Last month, experts from other space agencies and NASA around the world faced a problematic hypothetical scenario. A mysterious asteroid heading to Earth from 35 million miles away has just been discovered. It was expected to hit the cosmic rock in six months. The situation was fictional, the training took place for a week, and stimulated the asteroid so that American and international experts could practice how to respond to such a situation.
The group learned a difficult lesson through stimulation. If an Earth-bound asteroid is found with a little warning, the Earth’s collision cannot be stopped. Experts have found that there is no technology available to prevent asteroids from sticking, given the six-month period of the scenario. No spacecraft can record an asteroid or push it away from its path.

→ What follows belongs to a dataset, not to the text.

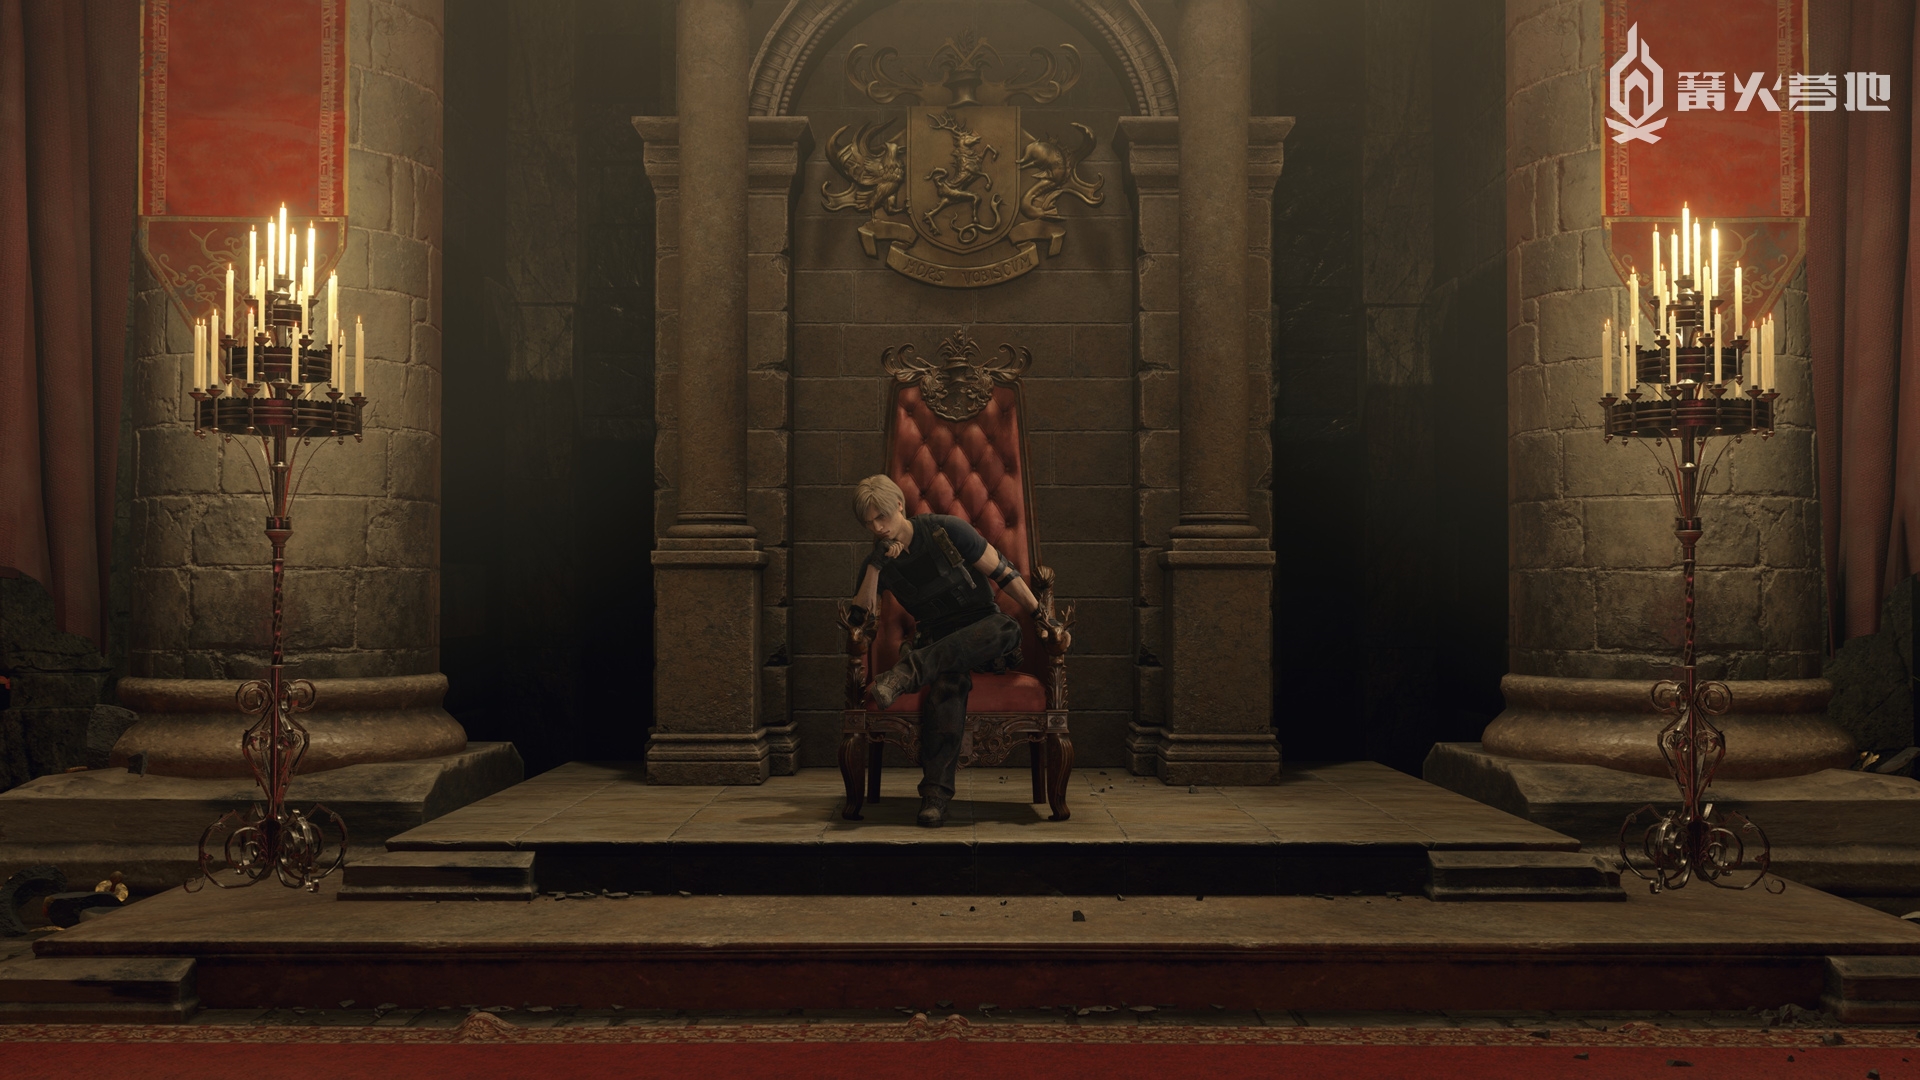 原版中里昂坐上王座的一幕在重制版里也得以重现

Paul Chodas, Director of NASA’s Center for Near-Earth Object Studies, recently helped perform simulations and assisted with five previous simulations. Participants said that this movement would fail. “This is what we call the short-term warning scenario. It was very challenging by design,” he said.
In fact, if an asteroid, like a hypothetical asteroid, heads to Earth, scientists will need years of warning. It is at least 5 years, according to Paul. Richard Binzel, MIT’s astronomer, says it will take at least 10 years. Faced with a real asteroid threat, Richard said time is the most valuable commodity we could hope for.
However, scientists haven’t been able to determine the maximum of dangerous space rocks passing near Earth, so we are far less likely to receive a 5 or 10 year warning period. Congress tried to solve this problem by ordering NASA in 2005 to find and track 90% of all Earth near objects over 140 meters, at this size a New York-sized city could be wiped out by an asteroid. To date, NASA has only found 40% of objects.